The descriptive measure of deviation is a descriptive measure of the extent to which an individual item may vary. This descriptive measure of deviation of the data should satisfy certain properties which have been laid down by Prof. Yule. These properties are as follows:
The descriptive measure of deviation should be rigidly defined. This descriptive measure should be flexible in calculation and should be easy to understand. This descriptive measure should be based on all the observations. This descriptive measure should be open to further mathematical treatment. This descriptive measure should not be affected by the fluctuations of the sampling.
The descriptive measure of dispersion has been classified into two broad categories.
The descriptive measure of dispersion involves expressing the spread of observations in terms of distance. Such categories of descriptive measure of deviations include range and inters quartile range (or quartile deviation).
The descriptive measure of deviation called range is defined as the difference between the two extreme observations of the distribution. Suppose A and B are the greatest and the smallest observations respectively. In this case, the descriptive measure of deviation (i.e. range) is Range= A-B.

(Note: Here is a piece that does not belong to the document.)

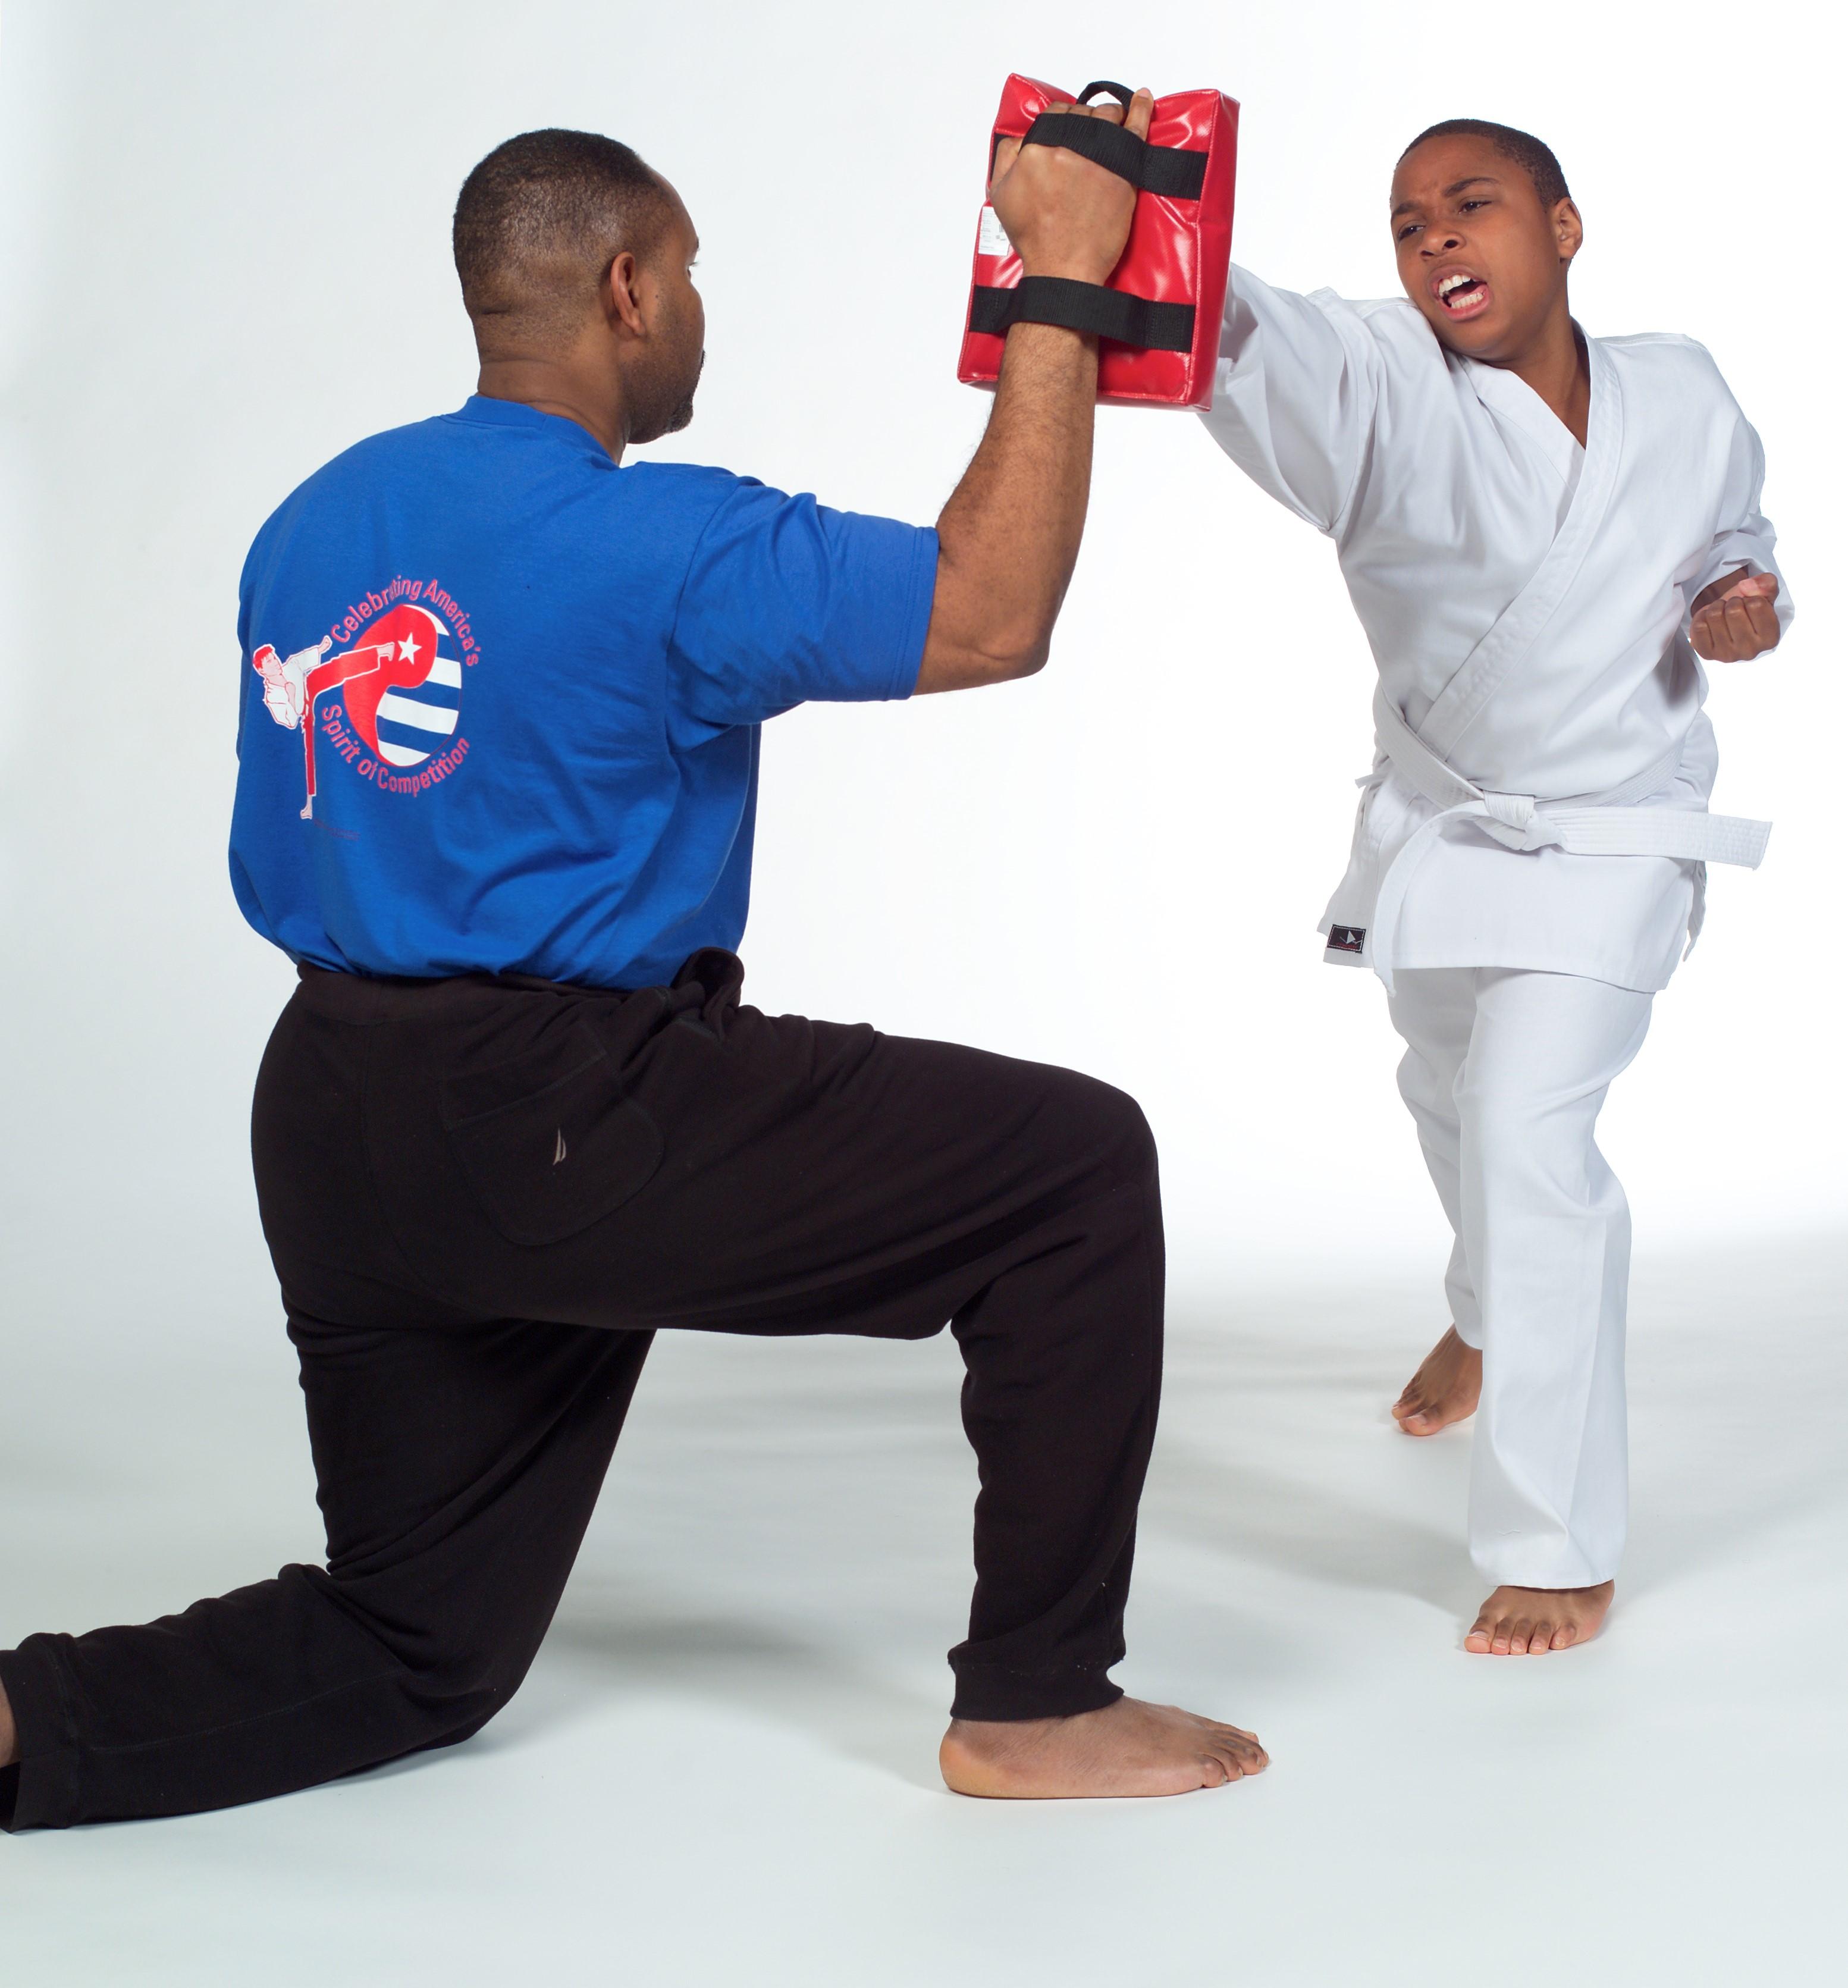 A father-son duo participate in a martial arts class.

The descriptive measure of deviation called inter quartile range or quartile deviation is also called semi inter quartile range. This descriptive measure is defined mathematically as: Q= (Q3 – Q1)/ 2, where Q3 is the third quartiles and Q1 is the first quartiles. This descriptive measure is definitely a better measure than the previous descriptive measure, as this descriptive measure makes use of 50% of the data. However, this descriptive measure ignores the other 50 % of the data, therefore, this descriptive measure cannot be regarded as a reliable descriptive measure.
The descriptive measure expresses the spread of observations in terms of the average of deviations of the observations from some central value. Such categories of descriptive measure of deviation include mean deviation and standard deviation.
The mean deviation is a descriptive measure of deviation based on all the observations and is a much better type of descriptive measure then other descriptive measure of deviations. However, since in this type of descriptive measure of deviation the sign of the deviation has been ignored, this descriptive measure becomes useless for further mathematical treatment.
The standard deviation is a descriptive measure of deviation that is generally denoted by the Greek letter (σ). This type of descriptive measure is defined as the positive square root of the arithmetic mean of the squares of the deviation of the given values from their arithmetic mean. In this type of descriptive measure, the deviation is being squared. Thus, this descriptive measure overcomes the drawback of the descriptive measure of the mean deviation.
This is the only descriptive measure of deviation which satisfies almost all the ideal properties of the descriptive measure of deviation laid down by Prof. Yule, except for the general nature of extracting the square root which is generally not readily comprehensible for a non-mathematical person. It should be observed that this type of descriptive measure gives greater weight age to the extreme values and is not as popular in terms of being used by economists or businessmen.